August 28, 2011
Soka Gakkai features pro-nuclear series every year
Soka Gakkai, the religious organization and parent organization of the Komei Party, publishes a newspaper Seikyo Shimbun, in which Tokyo Electric Power Co. (TEPCO) used to run an advertisement every summer between 1978 and 1982.
Begins in 1978
The first TEPCO ad appeared on August 2, 1978, covering five bottom columns to advertise that TEPCO was steadily carrying out its plan to promote nuclear power generation.
In 1978 TEPCO aggressively approached Soka Gakkai and the Komei Party in a bid to get the Kashiwazaki Kariwa nuclear power plant (NPP), whose construction was approved in Sep. 1977, built at all costs in Niigata Prefecture to follow the Fukushima NPP.
From 1983 through 2010, TEPCO ran a new style ad in the form of a series for children “Let’s learn about electricity during summer holidays.” The series appeared for an average of 10 to 14 issues every summer. Seikyo Shimbun advertising bureau played a major role in producing the series, with TEPCO providing the information.
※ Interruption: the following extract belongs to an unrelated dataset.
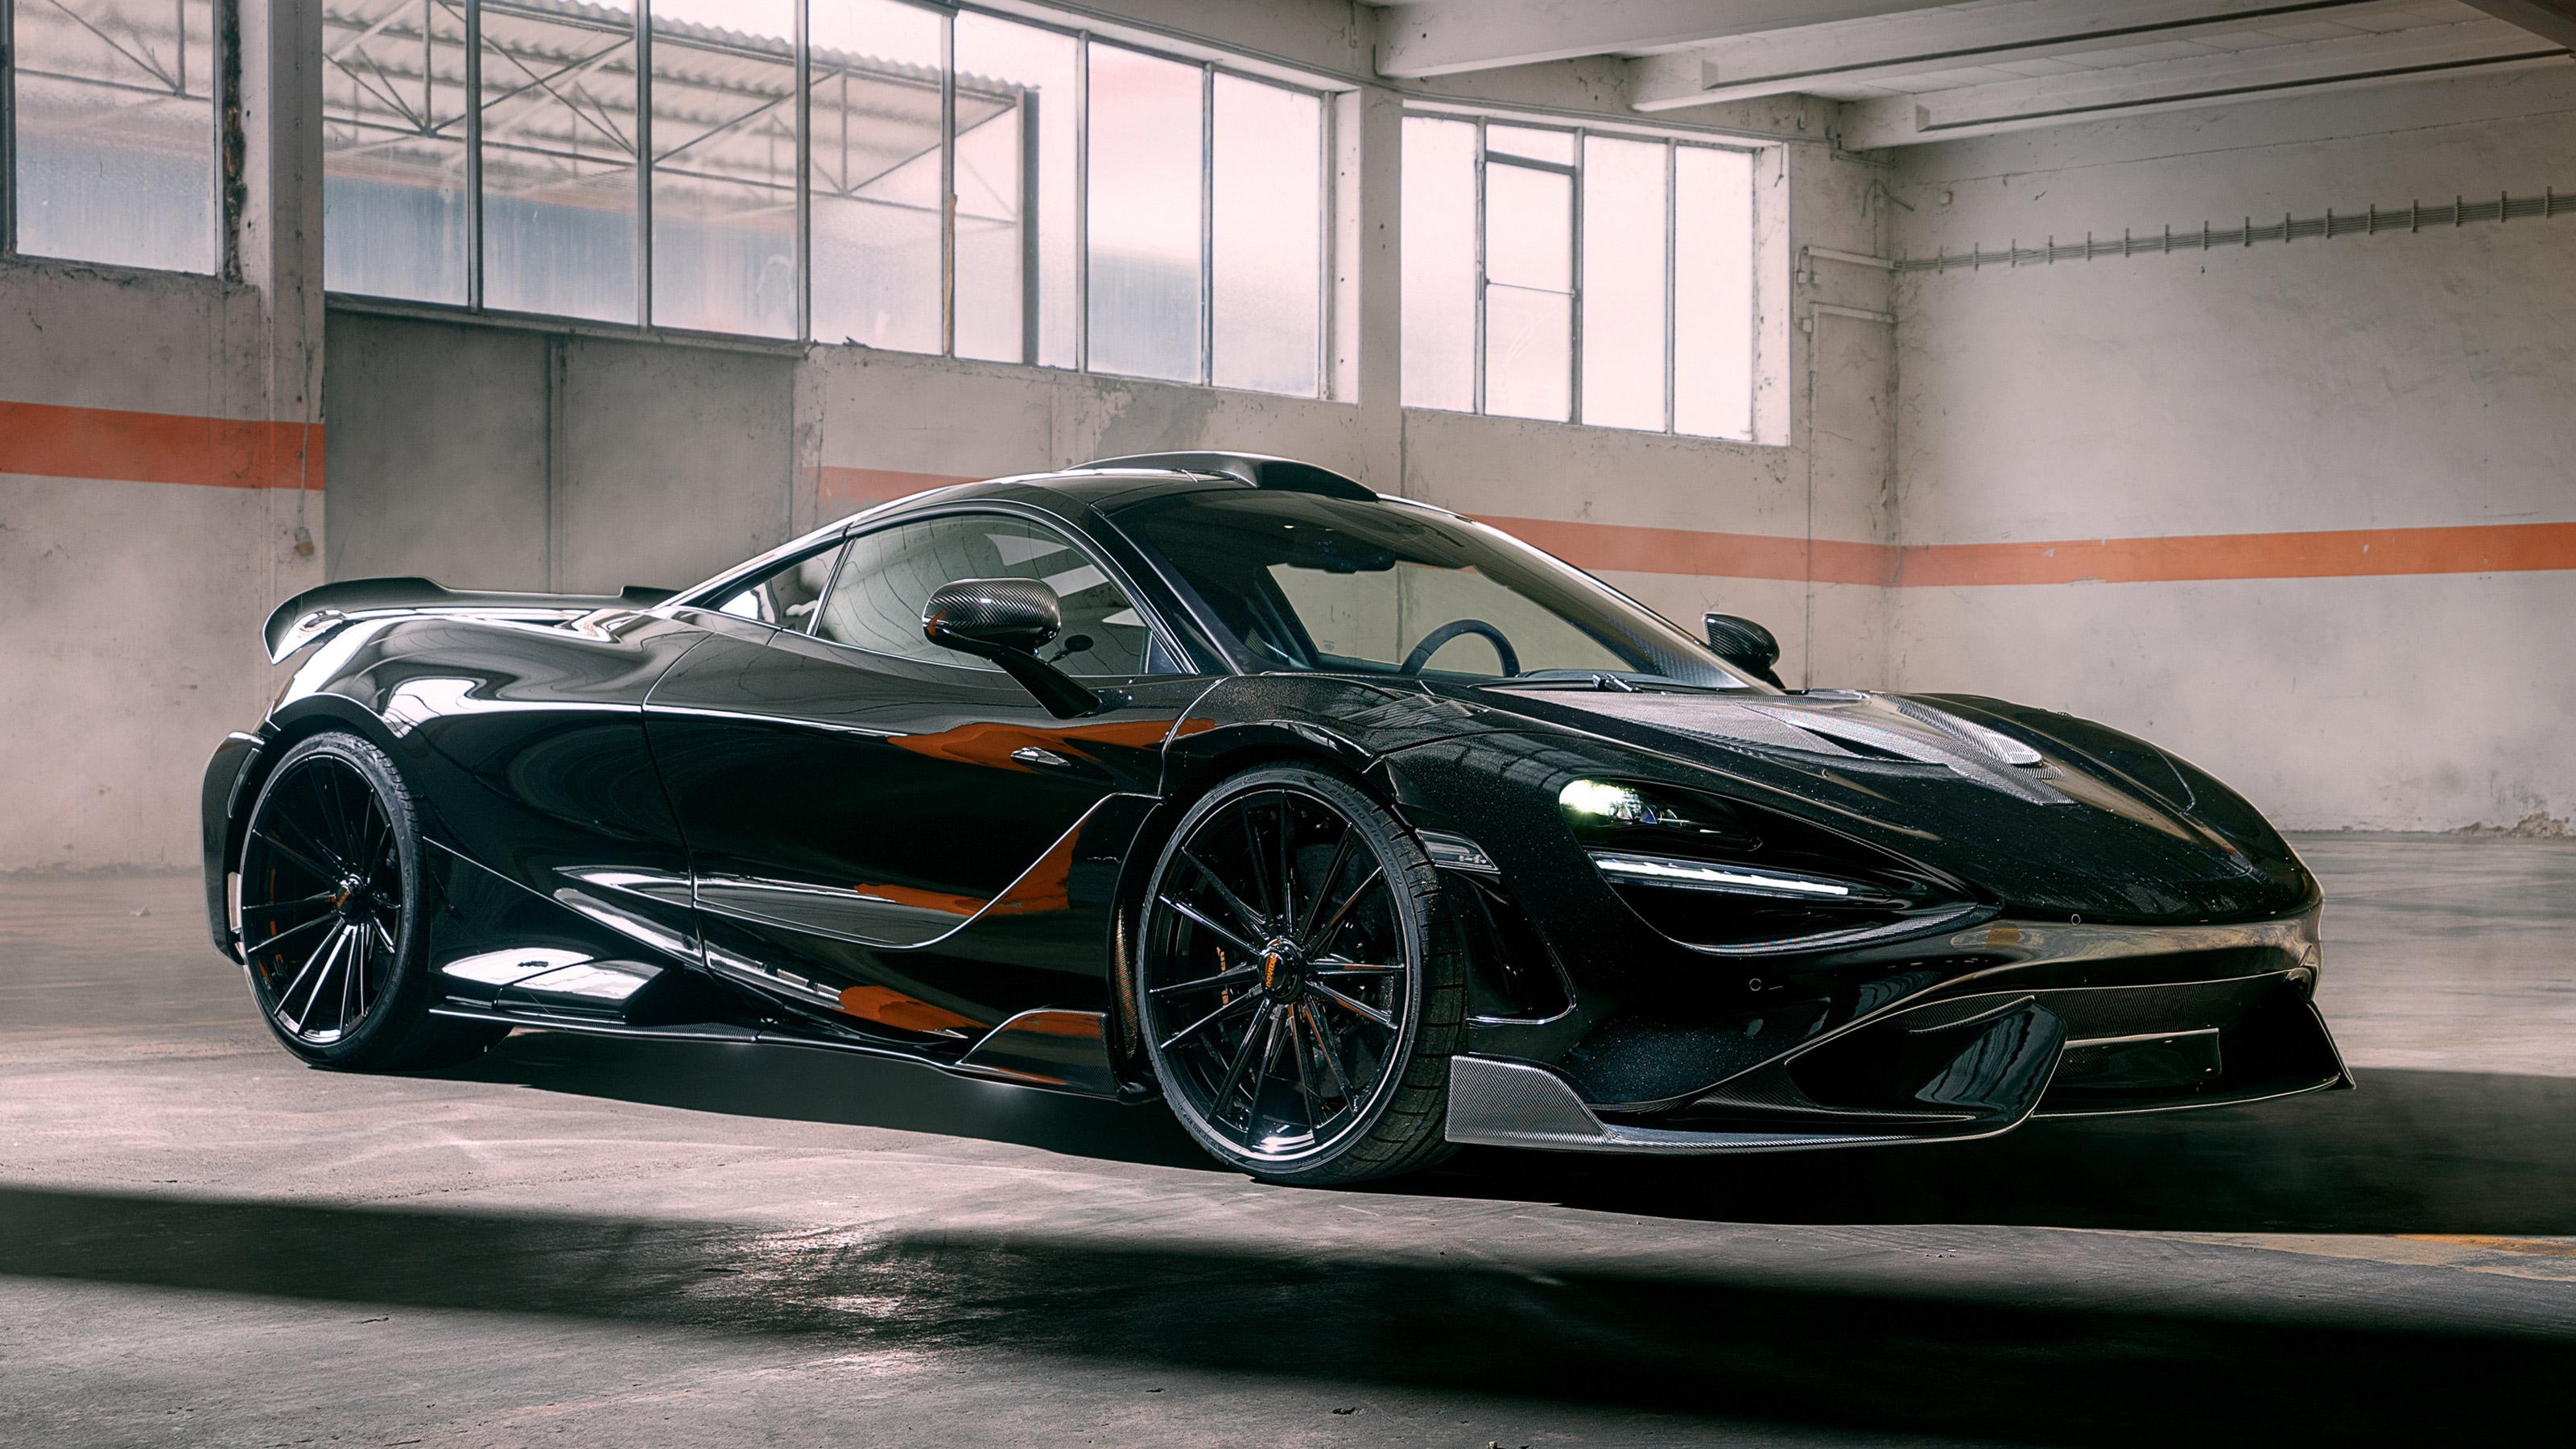 Novitec-tuned McLaren 765LT has higher power-to-weight than P1

The installment dated August 29, 1983 was extraordinary. The article set the scene in which a mother and her child visit the Fukushima Daiichi NPP, which is the one involved in the March accident, and the Daini NPP. The mother asks, “Can it withstand an earthquake?” A TEPCO staff member answers, “The foundation of an atomic power plant is built on hard bedrock. At the Fukushima Daiichi NPP, a staff member working inside a nuclear reactor building says he did not feel the quake at all when the 1978 Earthquake off Miyagi occurred,” and notes how sturdy the structure is. Then the child says, “So we can take shelter in a NPP for safety when an earthquake occurs.”
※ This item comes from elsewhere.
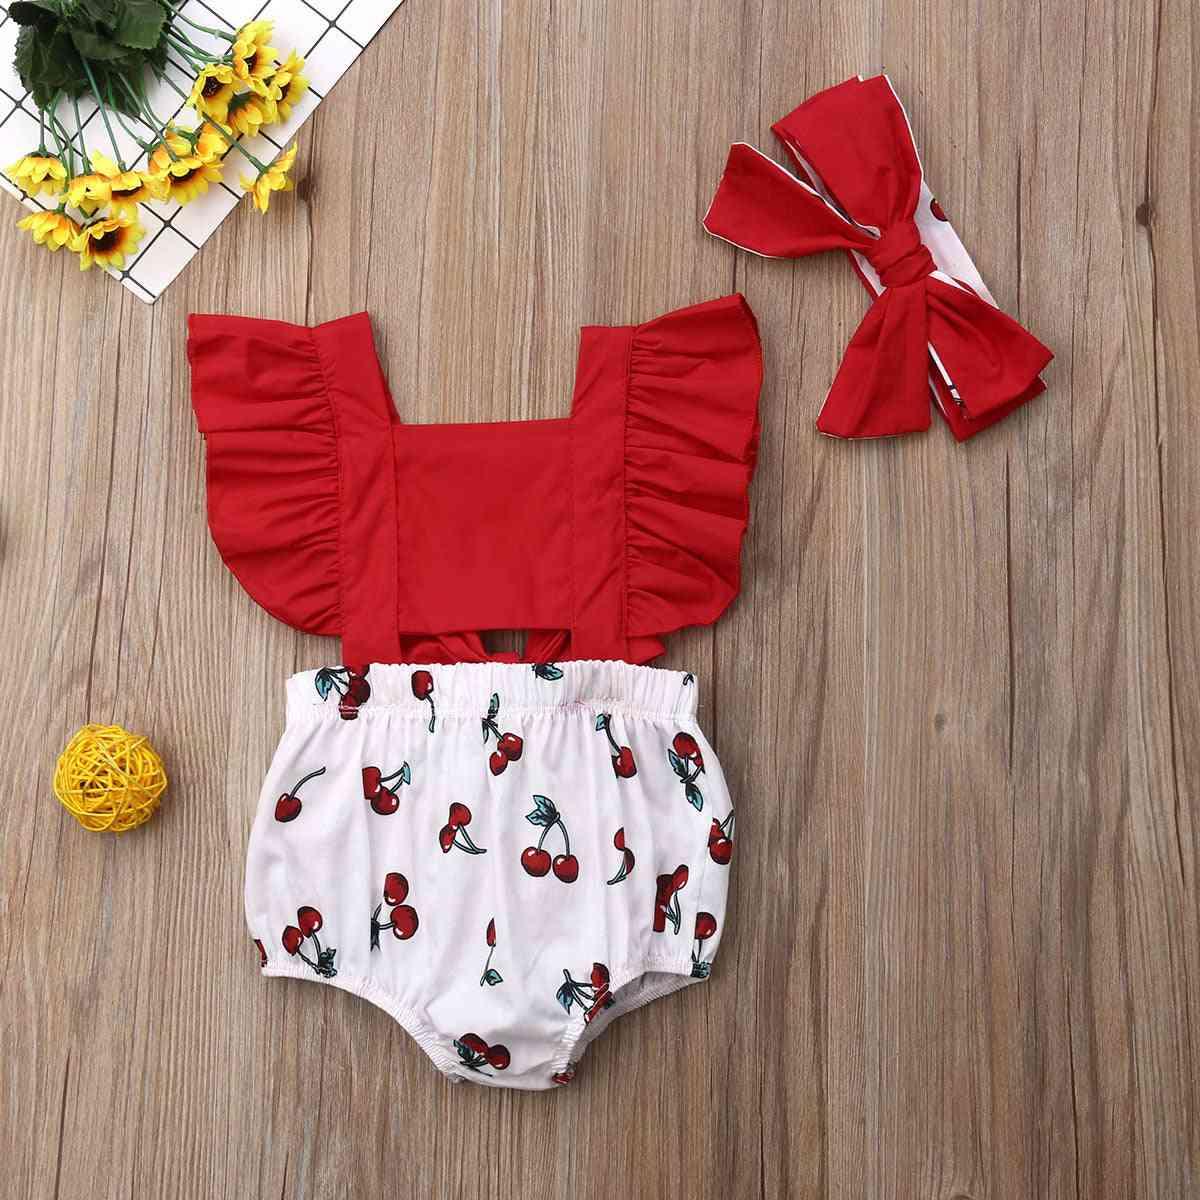 Newborn Baby Girl Ruffle Cherry Print Bodysuits Headband Sunsuit Outfits Summer Clothe

The serial “summer study” article dated July 29, 1999 took the reader on a visit to the Fukushima Daiichi NPP Unit 3 reactor. The article says that the nuclear reactor is guarded by thick cement walls and that its exterior is further surrounded doubly and triply by protective walls to completely seal in radioactivity. The article concludes by saying that the visiting mother and child are convinced that there would be no leak of radioactivity outside in the event of an accident.
Absence of self-criticism
Pro-nuclear ads on Seikyo Simbun did not end even after the 1979 Three Mile Island accident in the United States, the 1986 Chernobyl accident in the Soviet Union, and even after the 1999 criticality accident in Tokai Village in Ibaraki Prefecture.
So far this year, the year of the Fukushima Daiichi NPP accident, there has been no joint Seikyo Shimbun-TEPCO series. Likewise, there has not been a single article in the newspaper expressing self-criticism for propagating the nuclear “safety myth.”